India as Method. Challenges and Perspectives in the Study of Media and Politics in Contemporary South Asia
Nächste Veranstaltungen
Vergangene Veranstaltungen
Persistence of the Community: On a Tendency in Indian Cinema26. April 2024 - 10:00 - 12:00
Lecture
Moinak Biswas (Jadavpur University, Kolkata)
This talk will address the recent phenomenon of Indian regional films where serious content is treated in relation to locality and collective life, and trace the tendency back to the work of early masters of Indian art cinema. It would like to explore the nature of contemplation where individual-centric plots are missing.
Horror and the Political in Contemporary South Asia
3. Mai 2024 - 10:00 - 12:00
Lecture
Meheli Sen (Rutgers University, New Jersey)
This talk looks at genre cinema particularly the horror film-to situate it within India’s contemporary media cultures. In the face of totalitarian discourses that detine the nation-state, Meheli Sen suggests that regional-language horror offers a salubrious environment to register difference and dissent in potent and unexpected ways.
The Territorial Fragments of Globalisation in Contemporary Bombay Cinema
17. Mai 2024 - 10:00 - 12:00
Lecture
Ranjani Mazumdar (Jamaharlal Nehru University, Delhi)
The complicated workings of various kinds of production infrastructures typically shape cinema’s topographical motivations and sense of scale. Through a comparative analysis of a set of films shot in and around Bombay with films shot in iconic locations outside India, I will establish how the aesthetic drives of vertical, horizontal, and transnational urbanism have generated a cartographic diversity in the cinematic imagination of globalised India.
Shadow Lines: Tracing the Cinematic Legacies of the 1940s Indian Left Cultural Movement
24. Mai 2024 - 10:00 - 12:00
Lecture
Manishita Dass (Royal Holloway, University of London)
The talk explores some of the methodological challenges and insights that Dass has encountered and gained, respectively, while working on Left Luggage, her book-in-progress about the cinematic legacies of the vibrant left cultural movement spearheaded in the 1940s by the Indian People’s Theatre Association (IPTA), the cultural wing of the Communist Party of India.
Mapping the networks of gendered performance, labor, and mobility
14. Juni 2024 - 10:00 - 12:00
Lecture
Priyadarshini Shanker (University of North Carolina, Wilmington)
This talk intervenes in three prevailing frameworks of Indian film and media studies – auteurist approaches, history of film movements, and digital media studies – through three case studies that centralize the optics of feminist performances. Shanker proposes corporeal intervention that potentially recasts the historiography of Indian cinema as a network of gender, performance, labor, and mobility.

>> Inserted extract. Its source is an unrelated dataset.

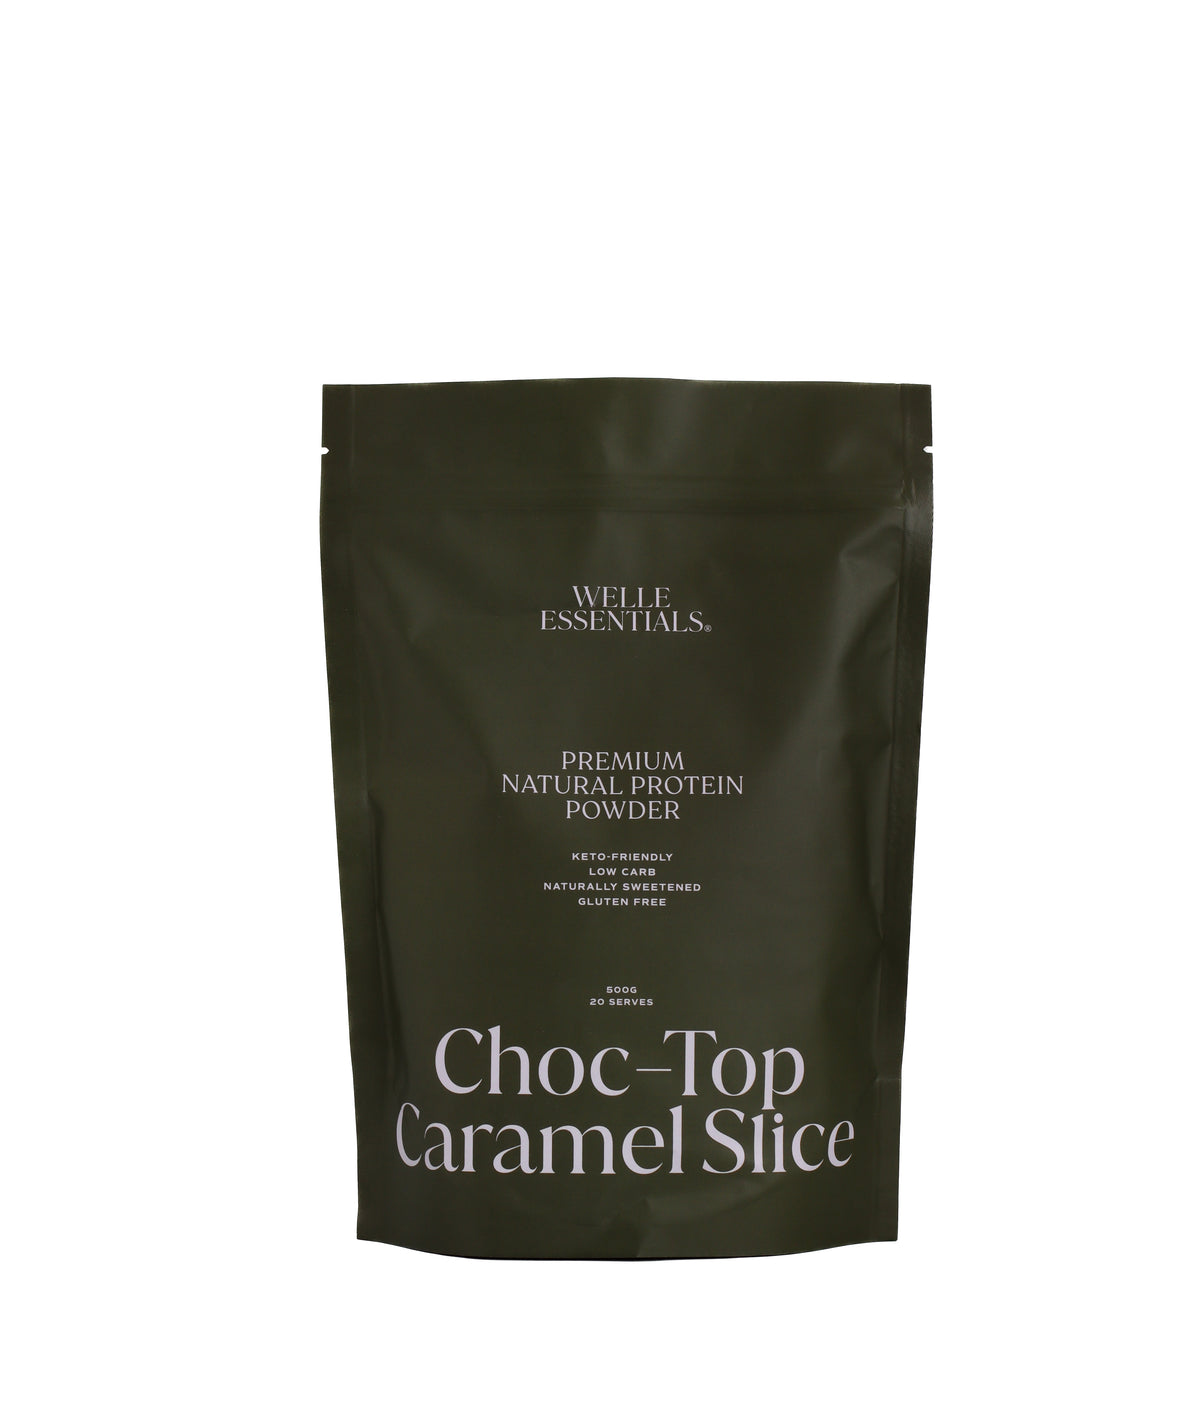 Premium Natural Protein - Choc-Top Caramel Slice

The aspiration is to move away from ideological readings of Indian cinema to push for a history and theorization of gendered performance.
The Pedagogy of the Piratical
5. Juli 2024 - 10:00 - 12:00
Lecture
Bhaskar Sarkar (University of California, Santa Barbara)
Even as techno-nationalist fantasies fuel India’s dreams of superpowerdom, inserting the country into a universal narrative of global ascension via market liberalization, this talk begins from the premise that contemporary India’s most inventive instances of home- spun entrepreneurialism remain outside the ambit of such top down mythologies. The presentation will focus on Malegaon video-cinemas as one striking instance of the often subaltern and piratical cultural-economic emergences from India that scuttle universal paradigms to forge southern trajectories of self-expression and global enterprise.
Transitioning into Noise: 1930s Film Technology Debates in India
12. Juli 2024 - 10:00 - 12:00
Lecture
Neepa Majumdar (University of Pittsburgh)
Using film excerpts, ads for sound recording and projection equipment, sound technicians’ columns, as well as reports by and about salesmen-technicians, such as the Americans Wilford Deming Jr. and C. Willman, this talk will present debates about audio technologies and sonic cultures circulating in India during the period of cinema’s conversion to sound (1931 to 1935). Since many audio discussions at the time centered on the problem of noise in sound recording and projection, the talk will approach the transition to sound through the lens of a spectrum of noise and meaning through which the audiovisual was understood. Analyzing ads for competing film sound technologies that made claims about swadeshi (or indigenously developed) recording equipment, I will use the lens of „imaginary media,“ as theorized by media archaeologists, to focus on „impossible“ machines such as the locally developed tropically sensitive sound machines advertised in film magazines of the period.